Neoatherosclerosis (NA), the main pathological basis of late stent failure, is the main limitation of interventional therapy. However, the specific pathogenesis and treatment remain unclear. In vivo, NA model was established by carotid wire injury and high-fat feeding in ApoE mice. Oxidized low-density lipoprotein receptor-1/lectin-like oxidized low-density lipoprotein receptor-1 (OLR1/LOX-1), a specific receptor for oxidized low-density lipoprotein (ox-LDL), was specifically ectopically overexpressed in hepatocytes by portal vein injection of adeno-associated serotype 8 (AAV8)-thyroid binding globulin (TBG)-Olr1 and the protective effect against NA was examined. In vitro, LOX-1 was overexpressed on HHL5 using lentivirus (LV)-OLR1 and the vascular smooth muscle cells (VSMCs)-HHL5 indirect co-culture system was established to examine its protective effect on VSMCs and the molecular mechanism. Functionally, we found that specific ectopic overexpression of LOX-1 by hepatocytes competitively engulfed and metabolized ox-LDL, alleviating its resulting phenotypic transformation of VSMCs including migration, downregulation of contractile shape markers (smooth muscle α-actin (SMαA) and smooth muscle-22α (SM22α)), and upregulation of proliferative/migratory shape markers (osteopontin (OPN) and Vimentin) as well as foaminess and apoptosis, thereby alleviating NA, which independent of low-density lipoprotein (LDL) lowering treatment (evolocumab, a monoclonal antibody to proprotein convertase subtilisin/kexin type 9 (PCSK9)). Mechanistically, we found that overexpression of LOX-1 in hepatocytes competitively engulfed and metabolized ox-LDL through upregulation of arachidonate-15-lipoxygenase (ALOX15), which further upregulated scavenger receptor class B type I (SRBI) and ATP-binding cassette transporter A1 (ABCA1). In conclusion, the overexpression of LOX-1 in liver protects VSMCs from phenotypic transformation and wire injury induced carotid neoatherosclerosis through ALOX15.

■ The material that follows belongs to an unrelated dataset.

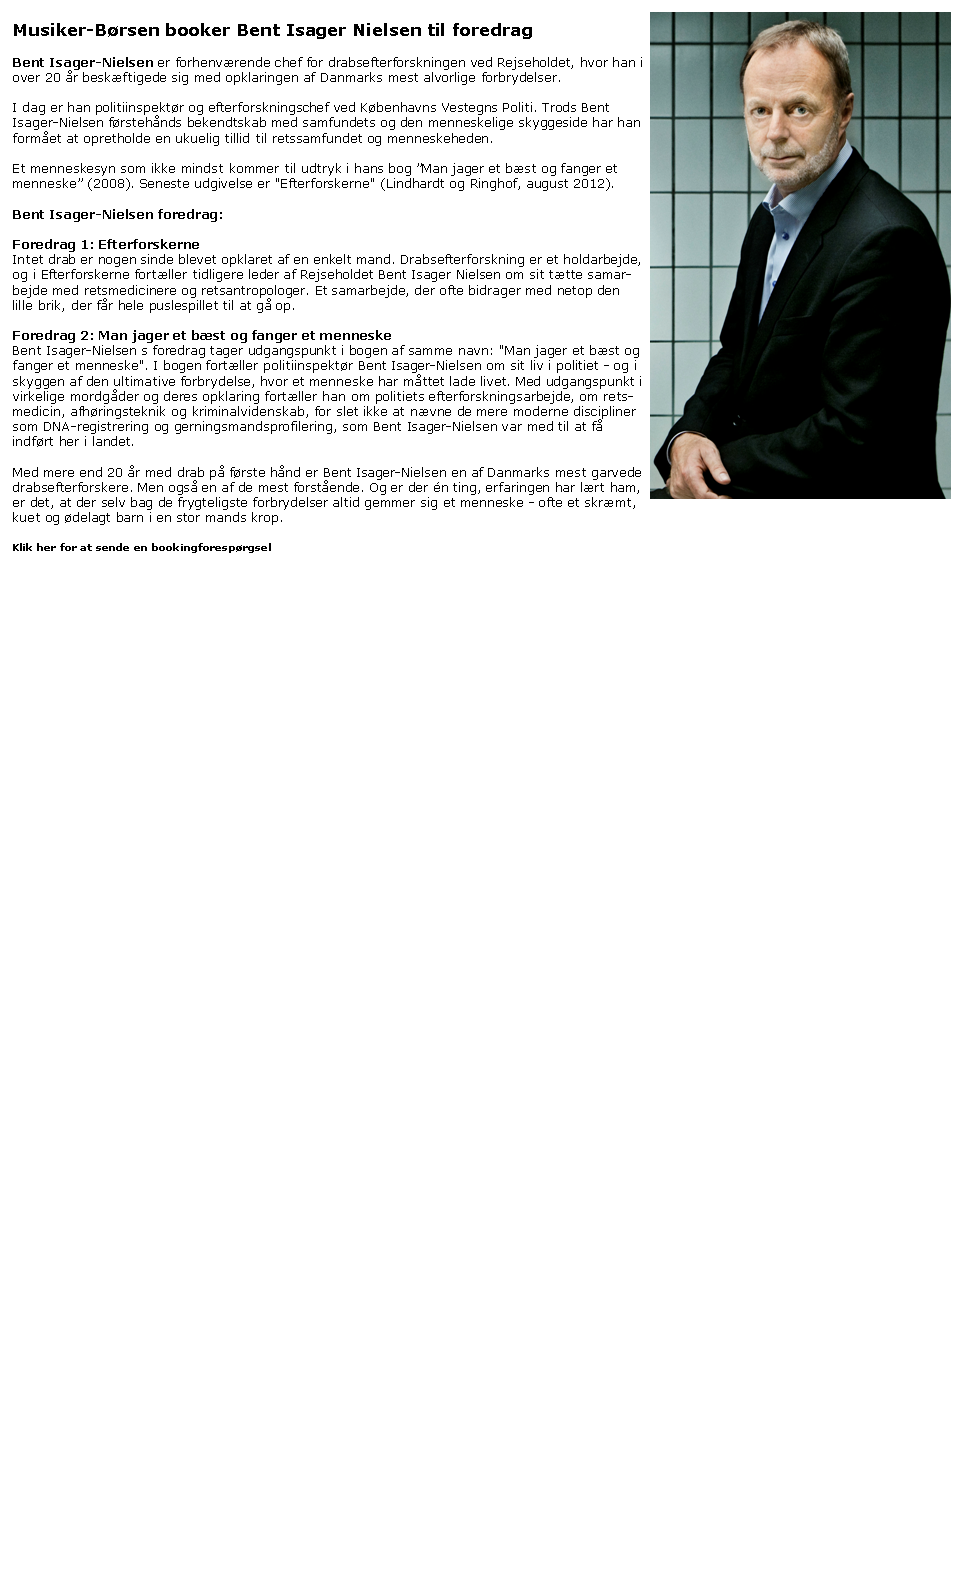 Bent Isager-Nielsen - skyggesideforedragsholder

新生动脉粥样硬化(NA)是支架晚期失败的主要病理基础,也是介入治疗的主要局限性。然而,其具体发病机制和治疗方法仍不清楚。在体内,通过颈动脉线损伤和高脂喂养apoE 小鼠建立了 NA 模型。通过门静脉注射腺相关病毒血清型 8(AAV8)-甲状腺结合球蛋白(TBG)-Olr1,在肝细胞中特异性异位过表达氧化型低密度脂蛋白受体-1/凝集素样氧化型低密度脂蛋白受体-1(OLR1/LOX-1),检测其对 NA 的保护作用。在体外,使用慢病毒(LV)-OLR1 在 HHL5 上过表达 LOX-1,并建立 LOX-1 血管平滑肌细胞(VSMCs)-HHL5 间接共培养系统,以检测其对 VSMCs 的保护作用及其分子机制。功能上,我们发现肝细胞特异性异位过表达 LOX-1 通过竞争性吞噬和代谢 ox-LDL,减轻其导致的 VSMCs 表型转化,包括迁移、下调收缩性形态标志物(平滑肌α-肌动蛋白(SMαA)和平滑肌 22α(SM22α))和上调增殖/迁移性形态标志物(骨桥蛋白(OPN)和波形蛋白)以及泡沫化和细胞凋亡,从而减轻新生动脉粥样硬化,这种作用独立于低密度脂蛋白(LDL)降低治疗(evolocumab,一种针对前蛋白转化酶枯草溶菌素/kexin 9 型(PCSK9)的单克隆抗体)。机制上,我们发现肝细胞中 LOX-1 的过表达通过上调花生四烯酸 15-脂氧合酶(ALOX15)竞争性吞噬和代谢 ox-LDL,进一步上调清道夫受体 B 类 I 型(SRBI)和三磷酸腺苷结合盒转运蛋白 A1(ABCA1)。总之,肝脏中 LOX-1 的过表达通过 ALOX15 保护 VSMCs 免受表型转化和线损伤诱导的颈动脉新生动脉粥样硬化。